**EXERCISE DATA:**
────────

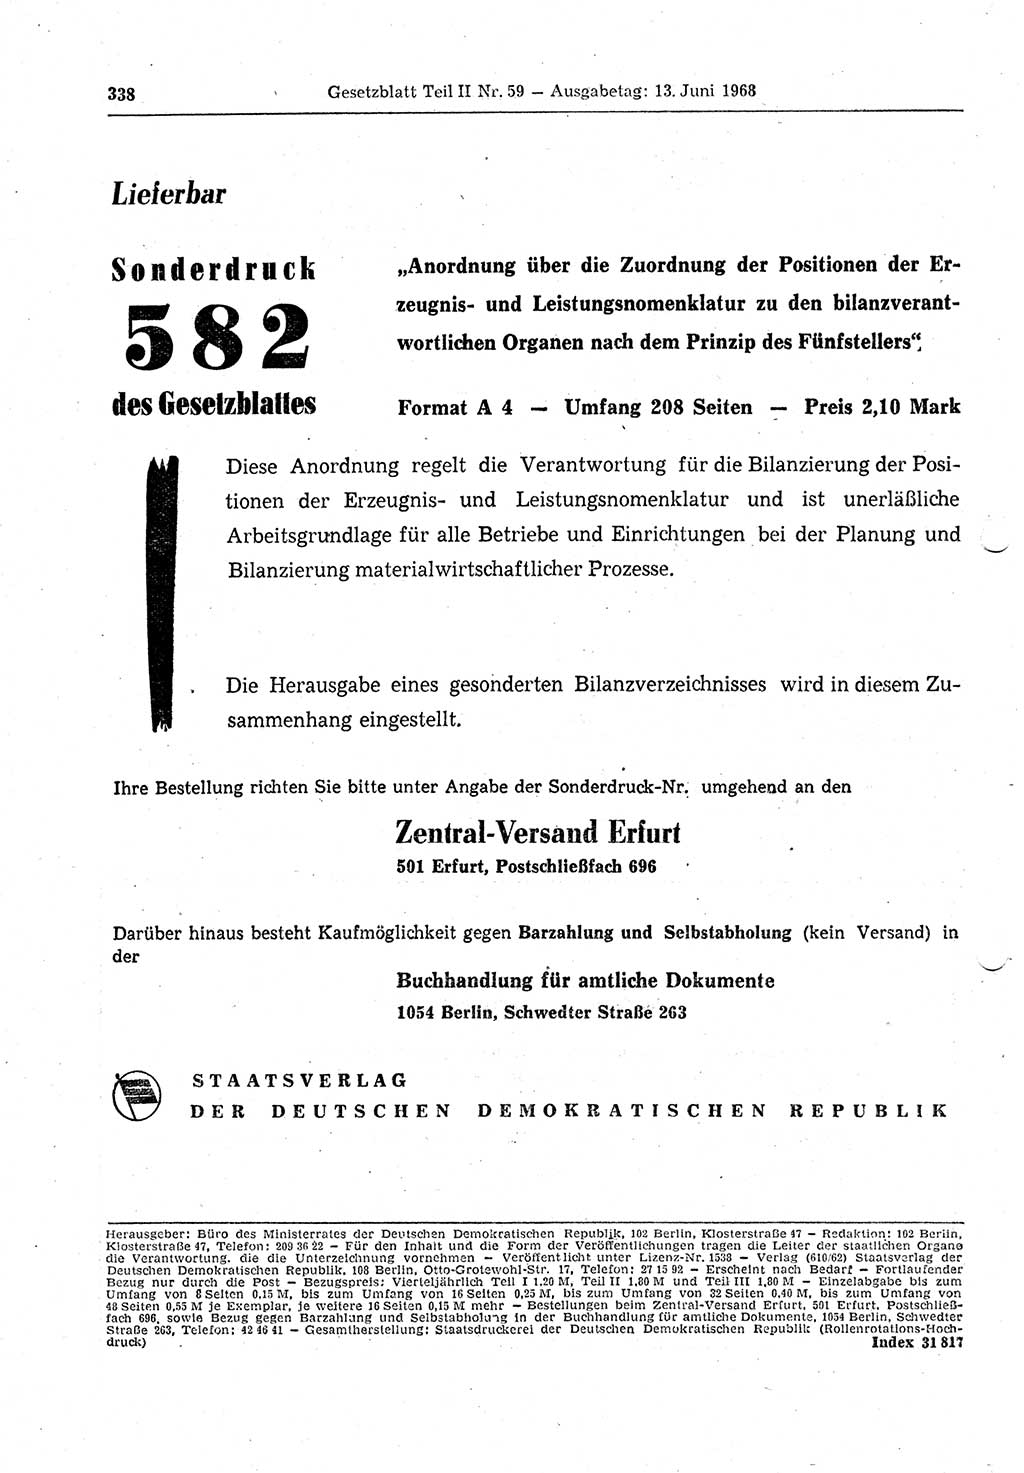 Gesetzblatt (GBl.) der Deutschen Demokratischen Republik (DDR) Teil ⅠⅠ 1968, Seite 338 (GBl. DDR ⅠⅠ 1968, S. 338)
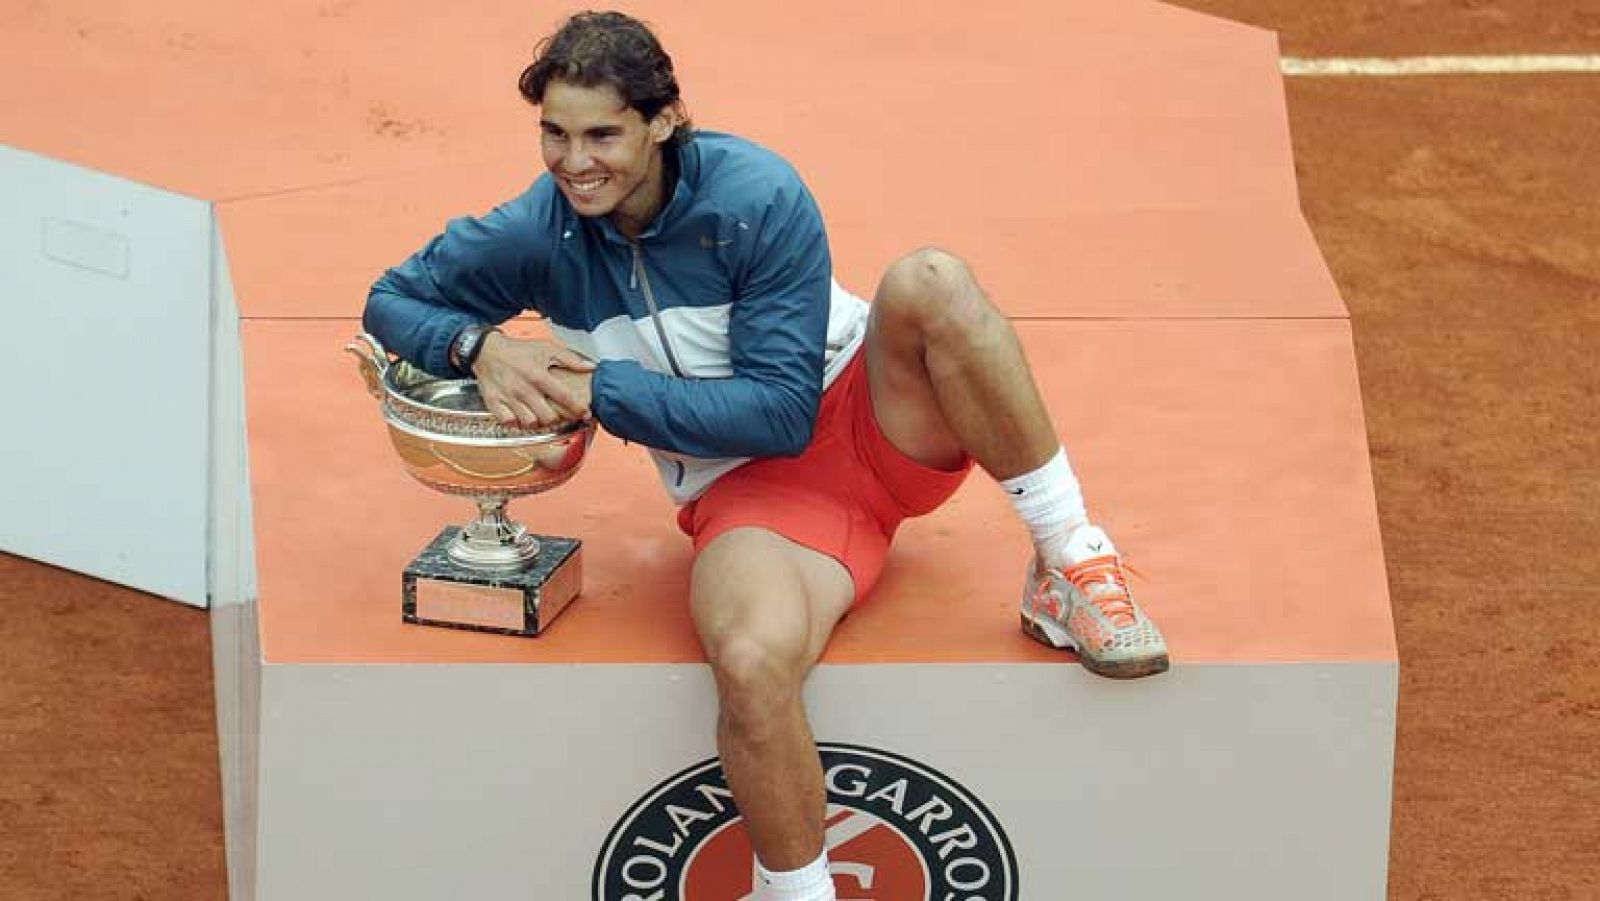 La leyenda de Rafa Nadal crece y crece. Tiene a tiro convertirse en el mejor tenista de todos los tiempos, está cerca de alcanzar a Sampras y Federer. Hoy Nadal es portada en los periódicos de casi todo el mundo después conseguir algo sin precedentes
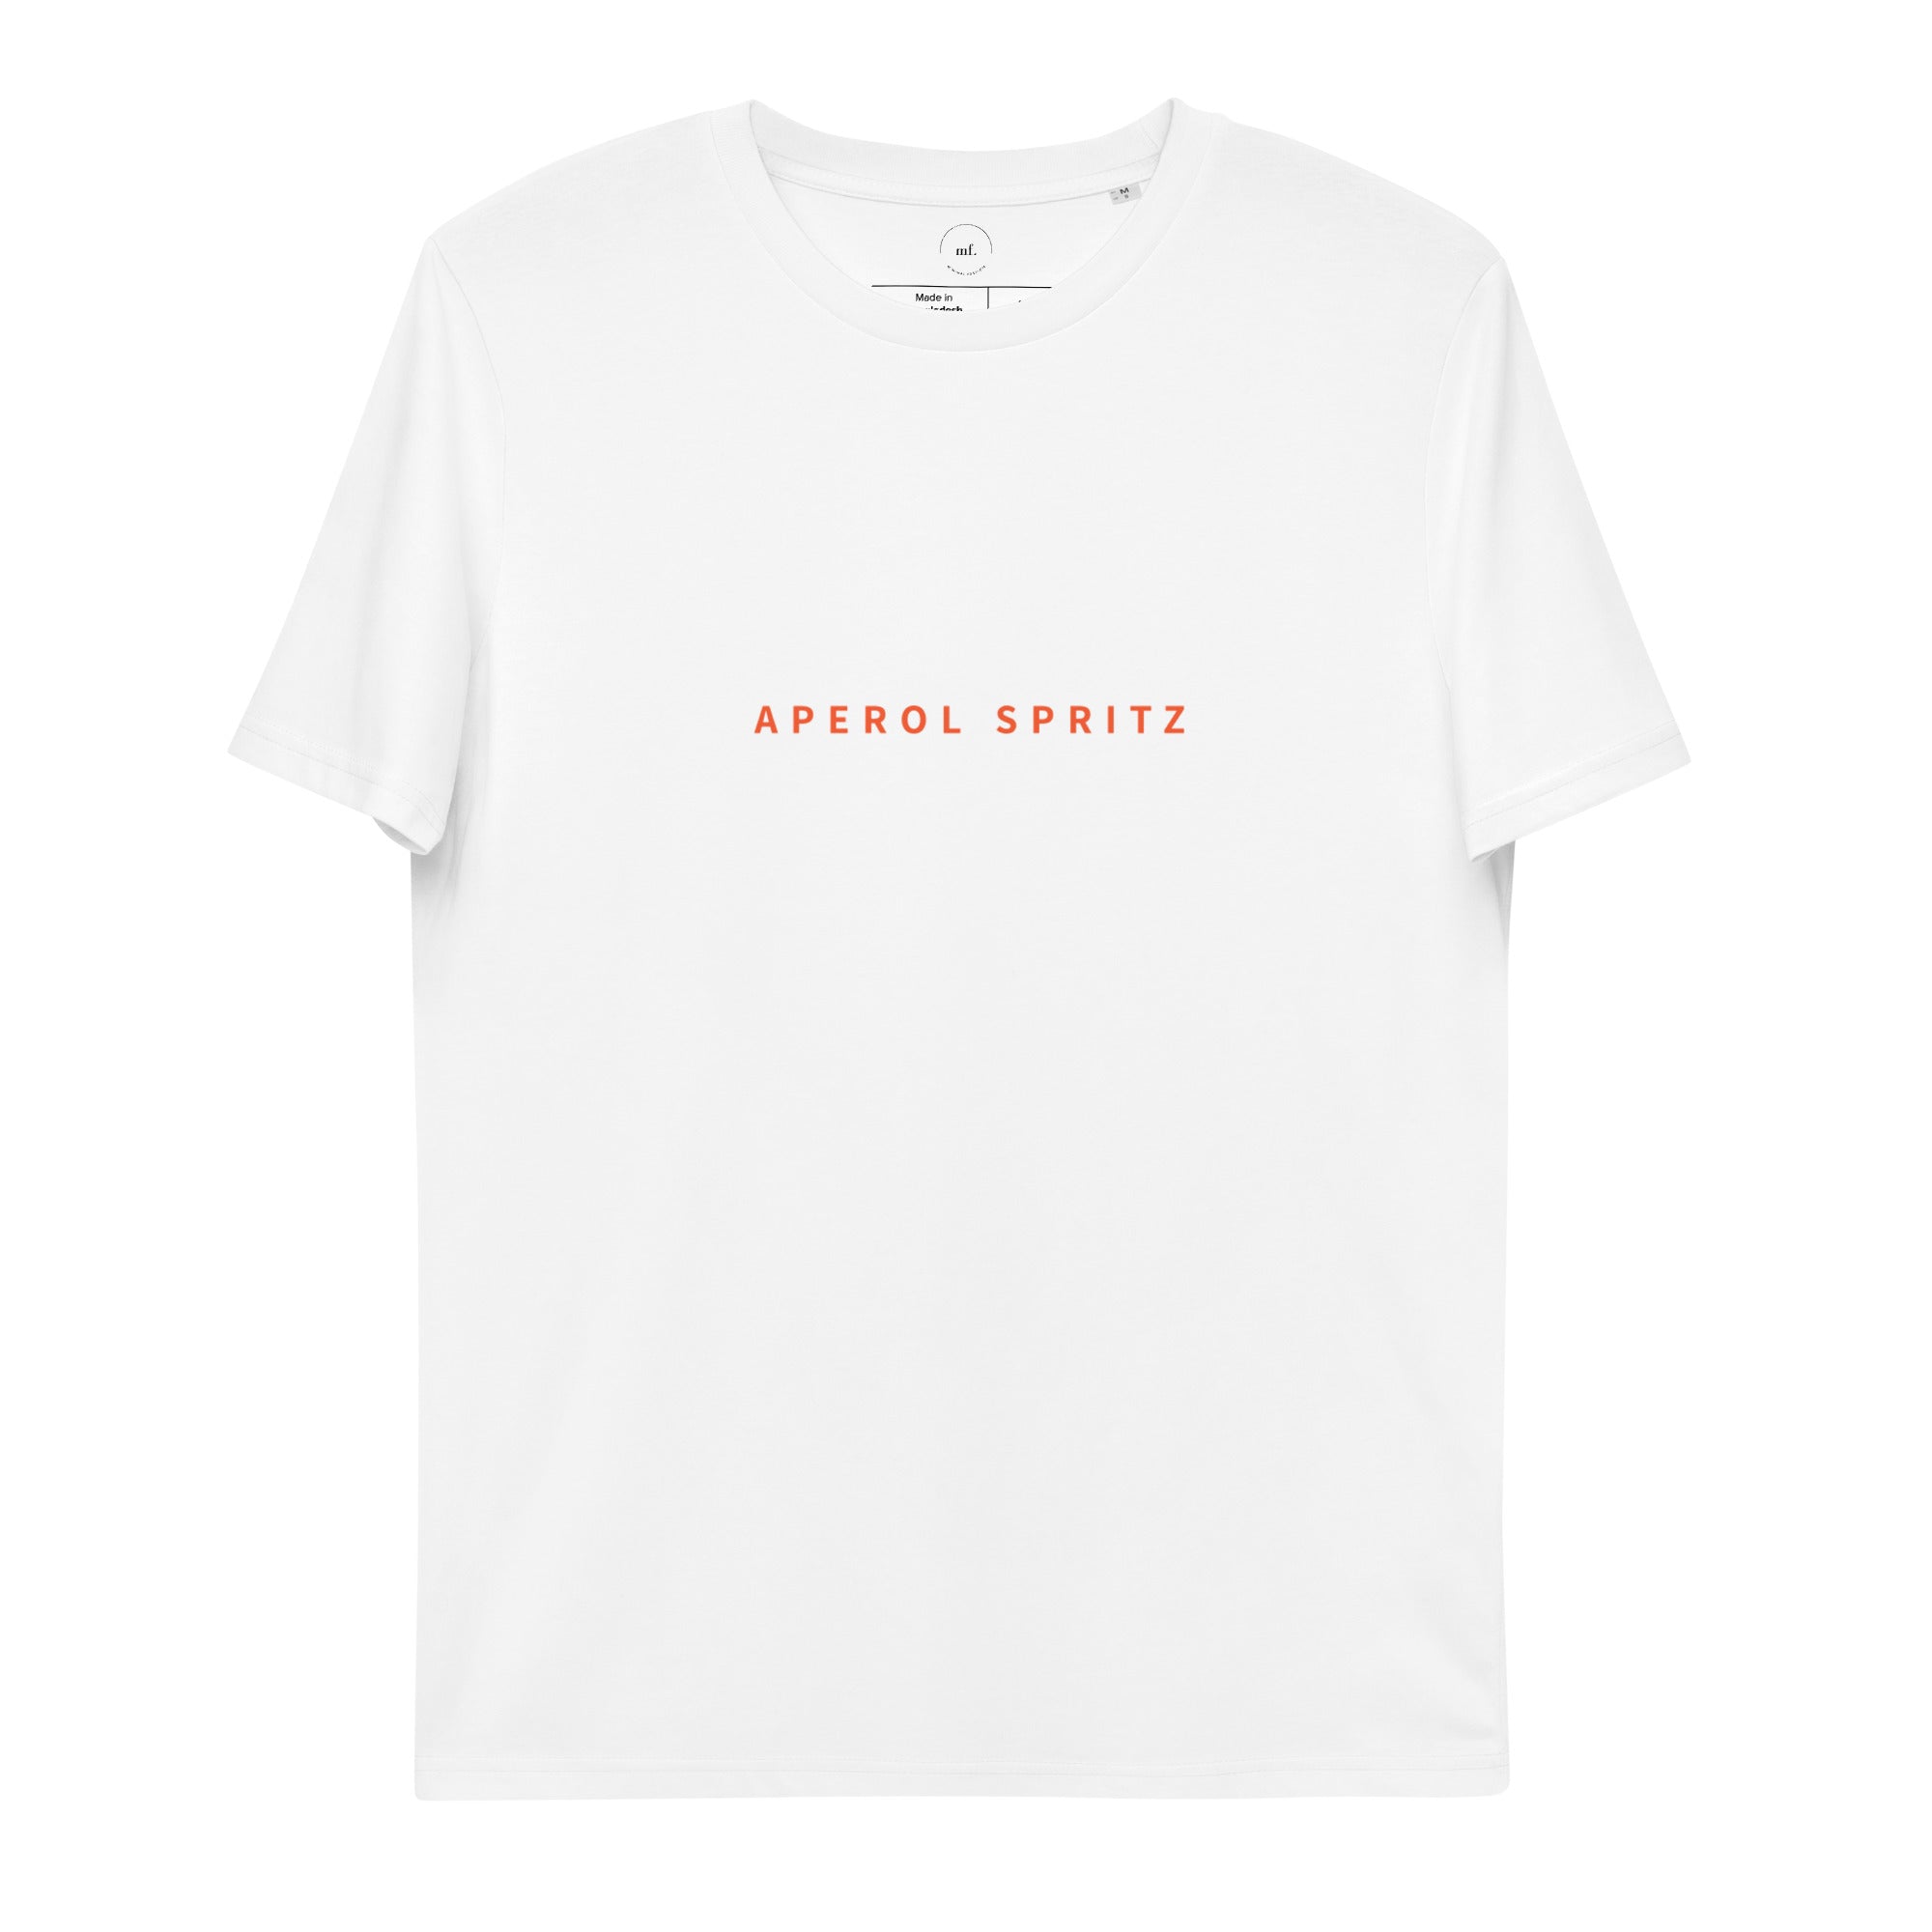 APEROL SRITZ Beach Shirt

────────

**WORK TASK:** Please output all of the data exactly as given, omitting any images it holds.

**SOLUTION TO THE PROBLEM:**
 Gesetzblatt (GBl.) der Deutschen Demokratischen Republik (DDR) Teil ⅠⅠ 1968, Seite 338 (GBl. DDR ⅠⅠ 1968, S. 338)
 La leyenda de Rafa Nadal crece y crece. Tiene a tiro convertirse en el mejor tenista de todos los tiempos, está cerca de alcanzar a Sampras y Federer. Hoy Nadal es portada en los periódicos de casi todo el mundo después conseguir algo sin precedentes
 APEROL SRITZ Beach Shirt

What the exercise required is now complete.